Work order
Every line of the listing should be retyped exactly, but none of the pictures should be.

Source material
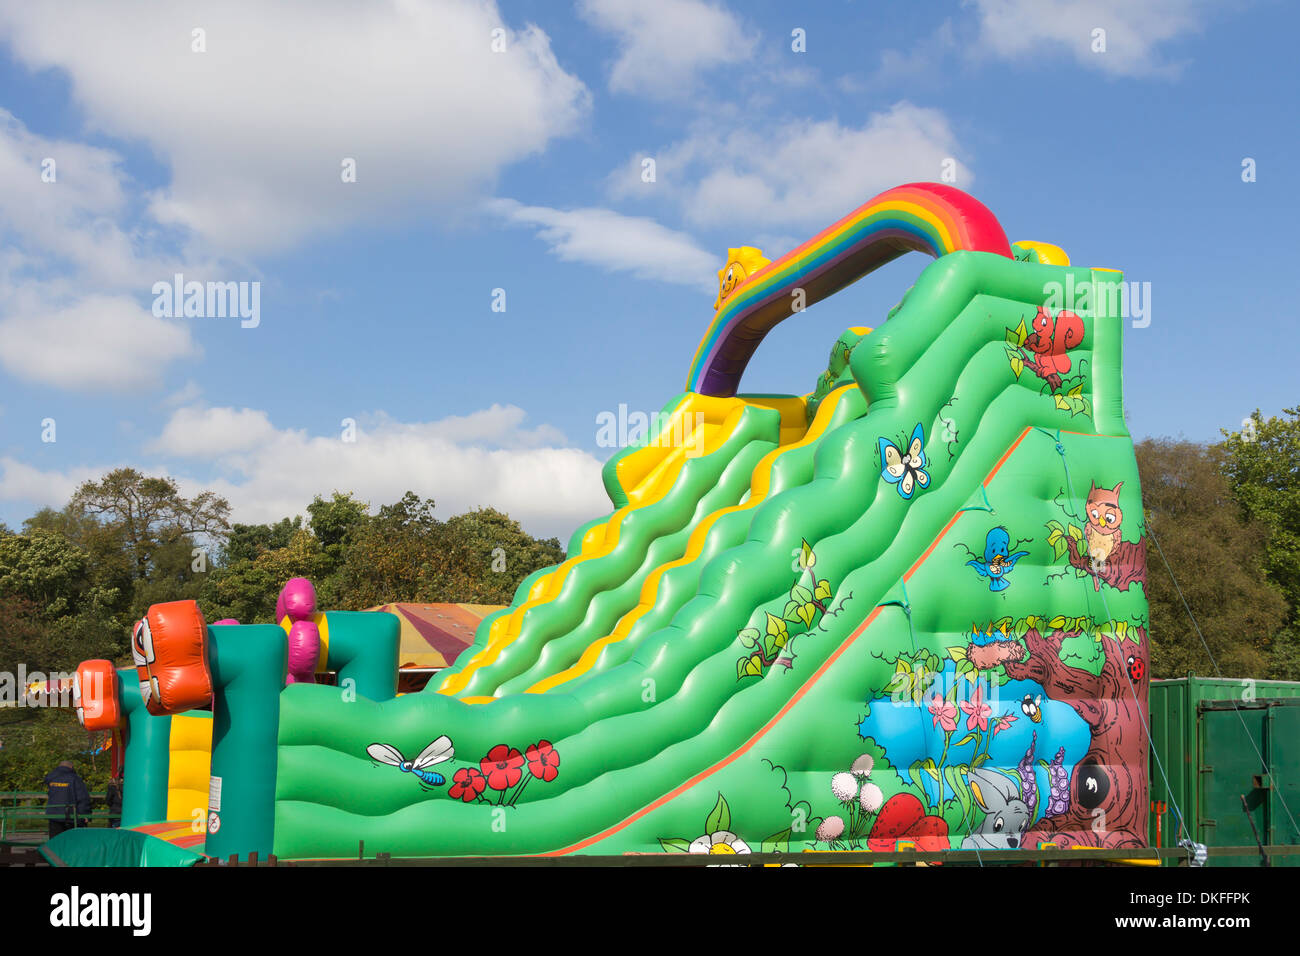 El tobogán inflable gigante tipo castillo hinchable en Banco Moss Park,  Bolton, Lancashire, parte de la permanente pequeño parque de atracciones  Fotografía de stock - Alamy
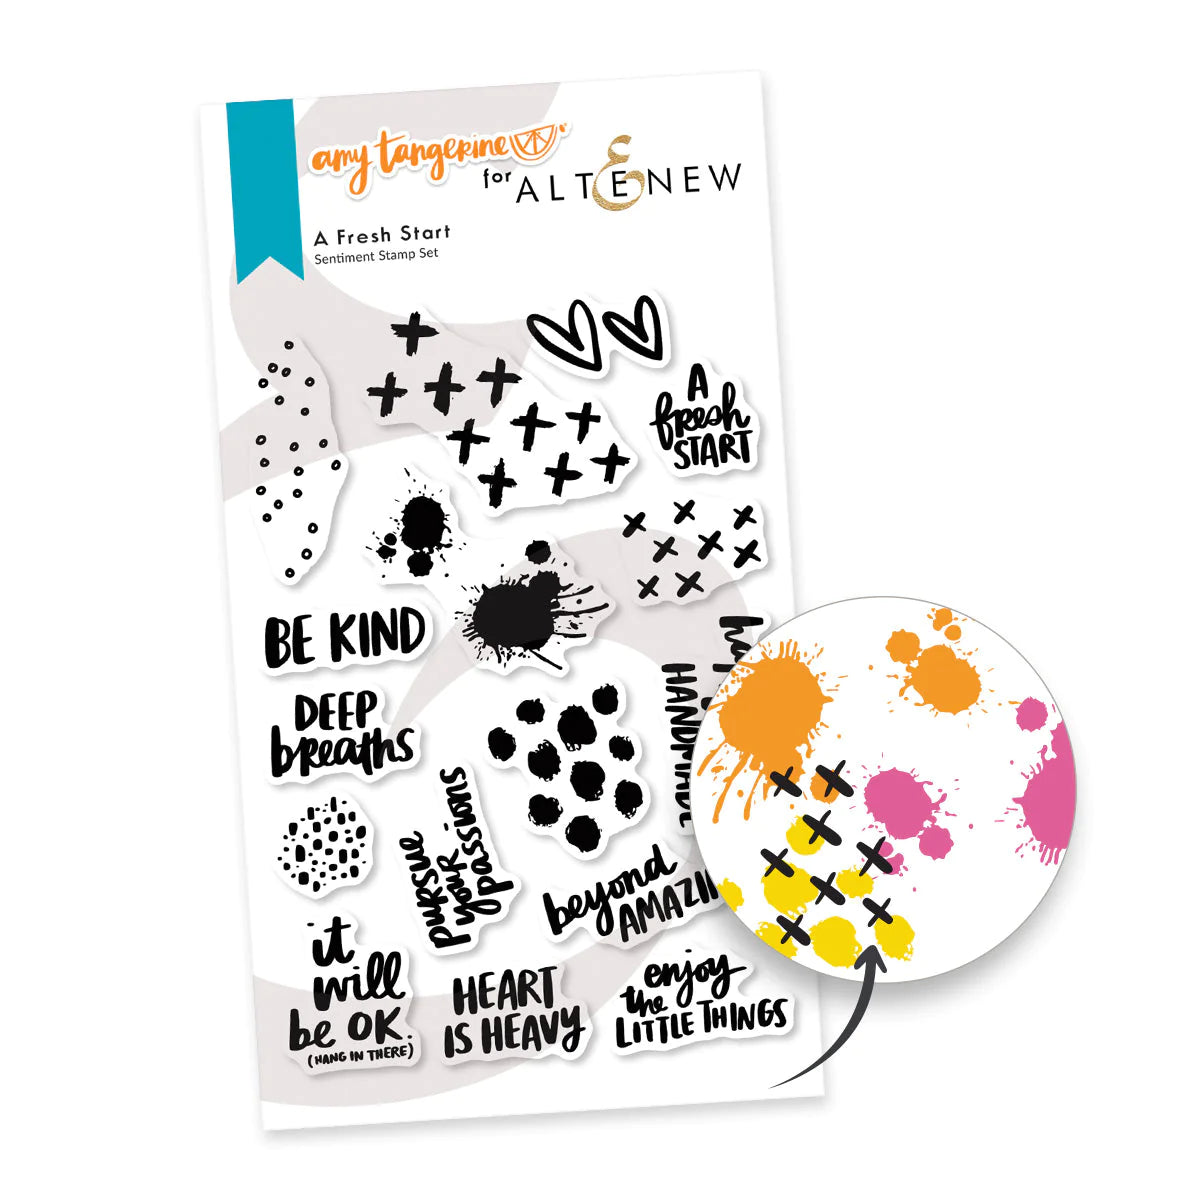 Altenew - Amy Tangerine - A Fresh Start Bundle Stamp Set and Die Set
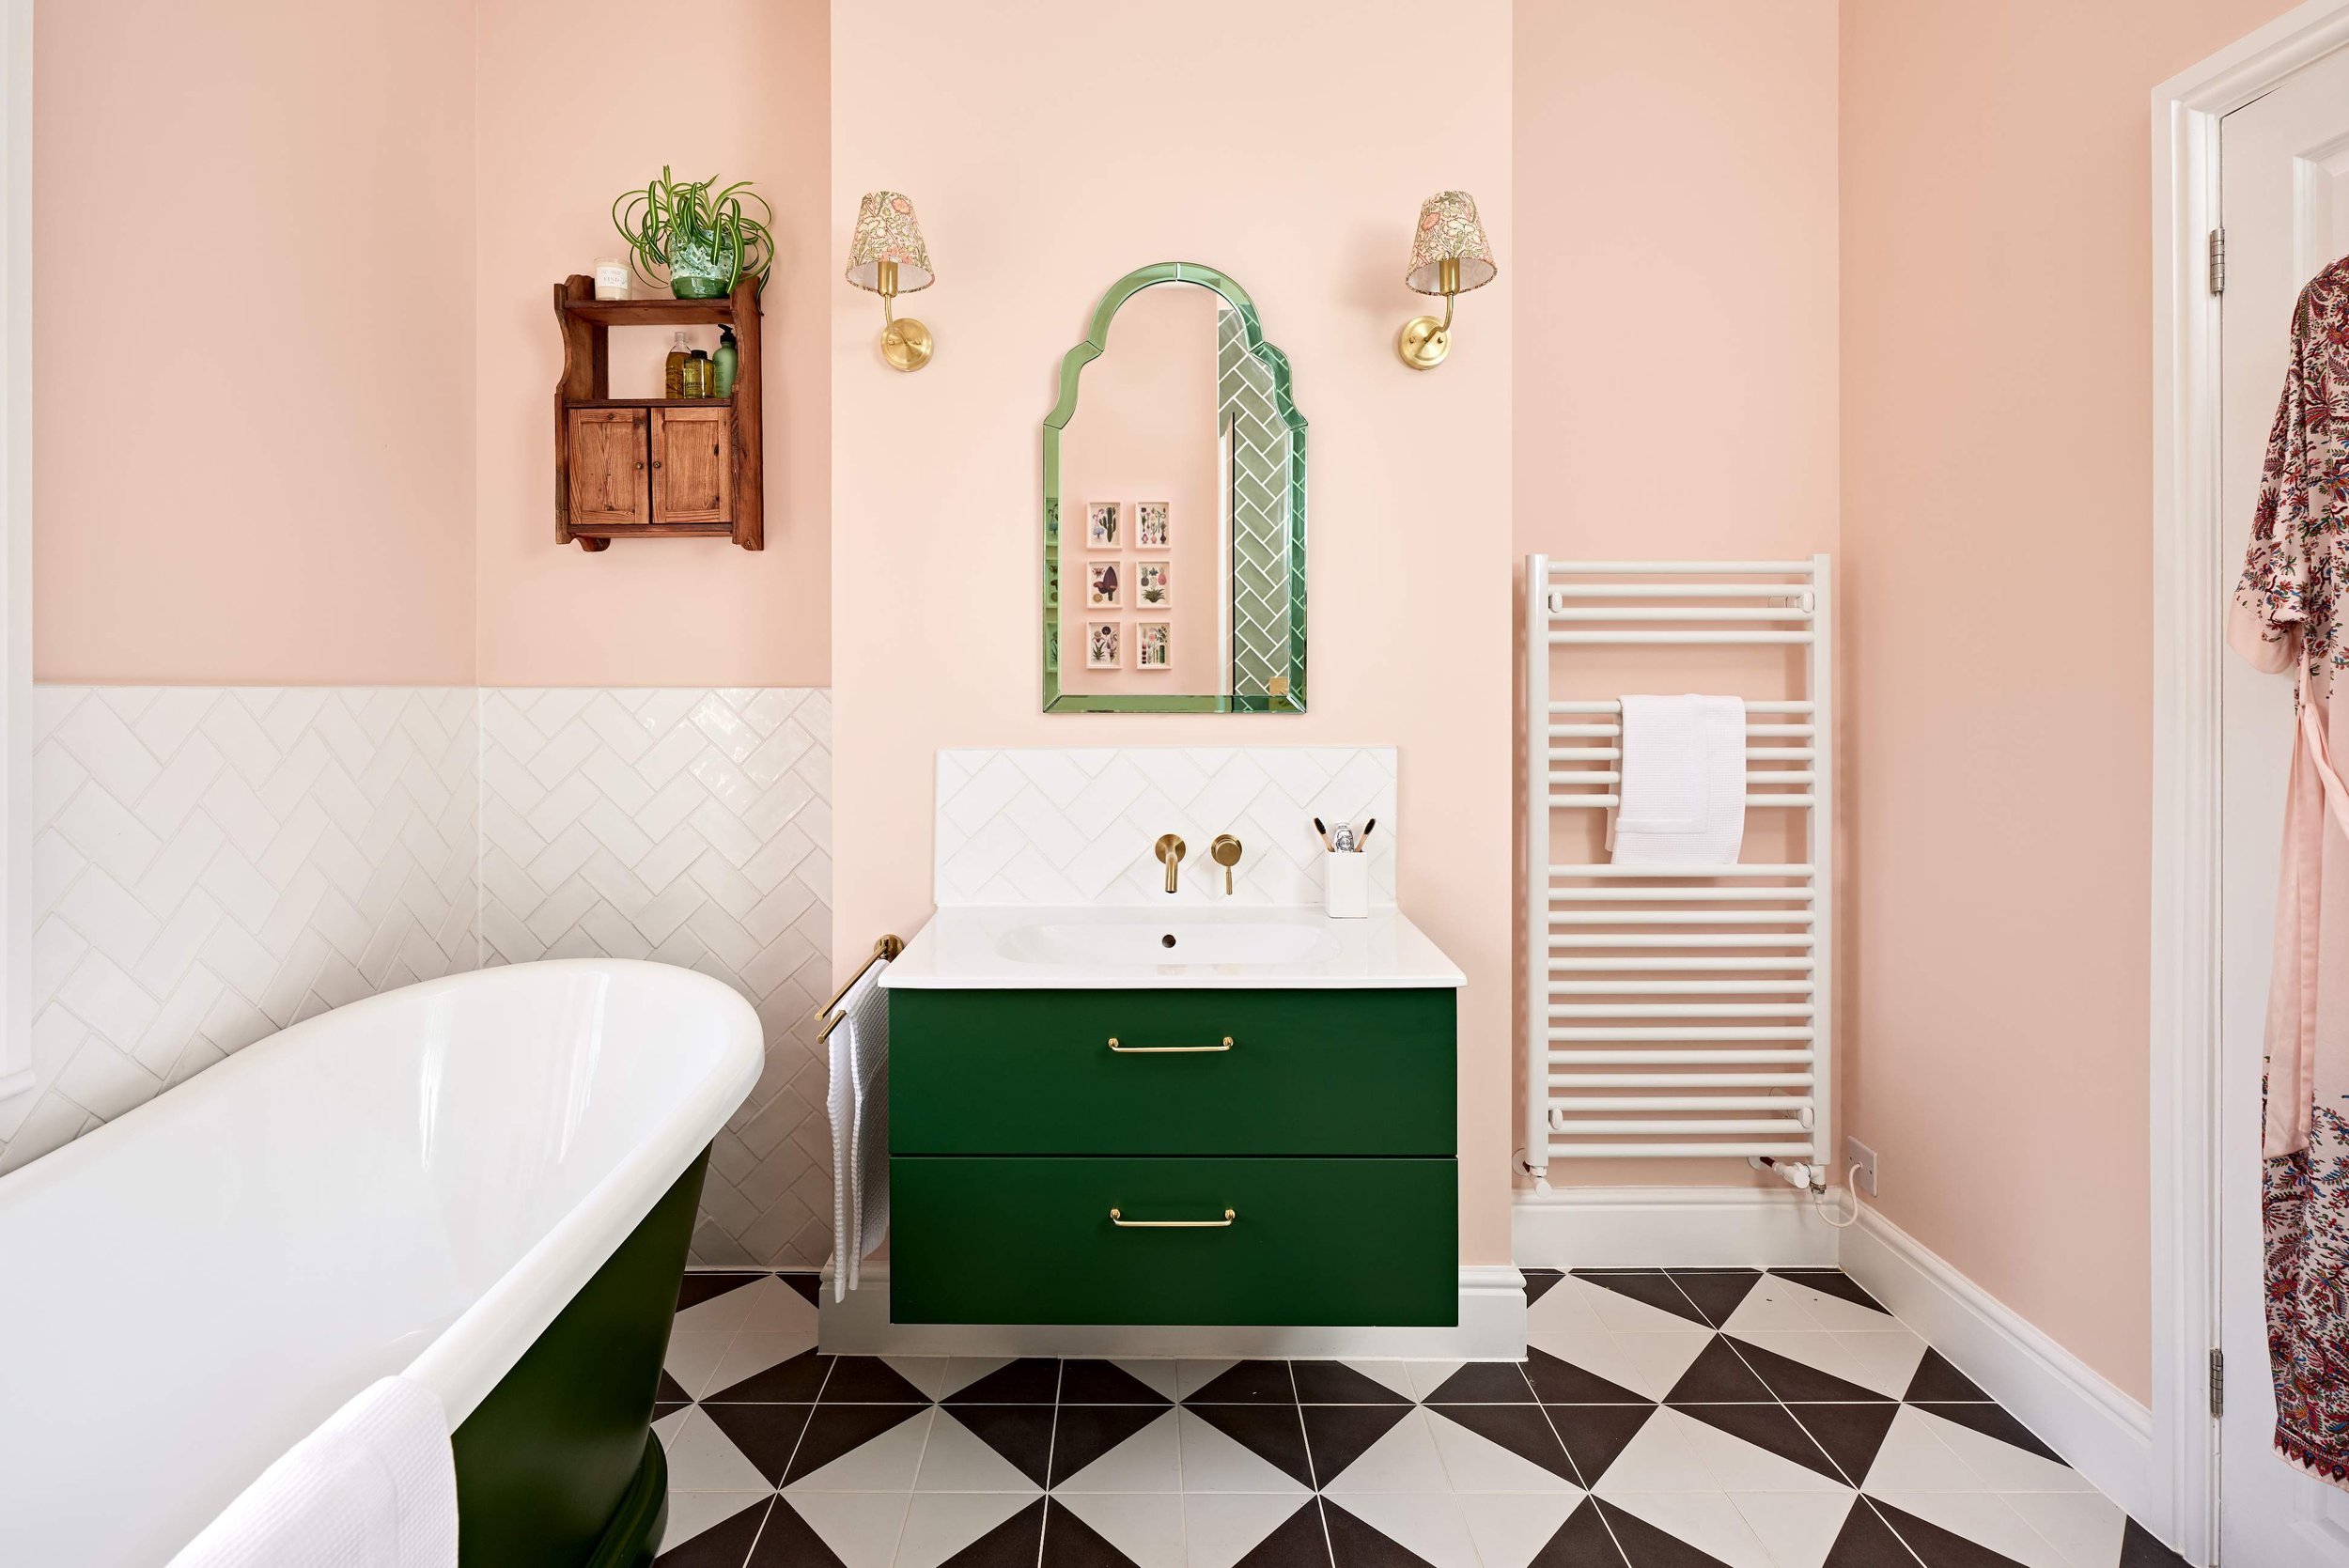 bathroom-with-green-vanity-unit-andchequerboard-floor.jpg

Answer box
 El tobogán inflable gigante tipo castillo hinchable en Banco Moss Park,  Bolton, Lancashire, parte de la permanente pequeño parque de atracciones  Fotografía de stock - Alamy
 Altenew - Amy Tangerine - A Fresh Start Bundle Stamp Set and Die Set
 bathroom-with-green-vanity-unit-andchequerboard-floor.jpg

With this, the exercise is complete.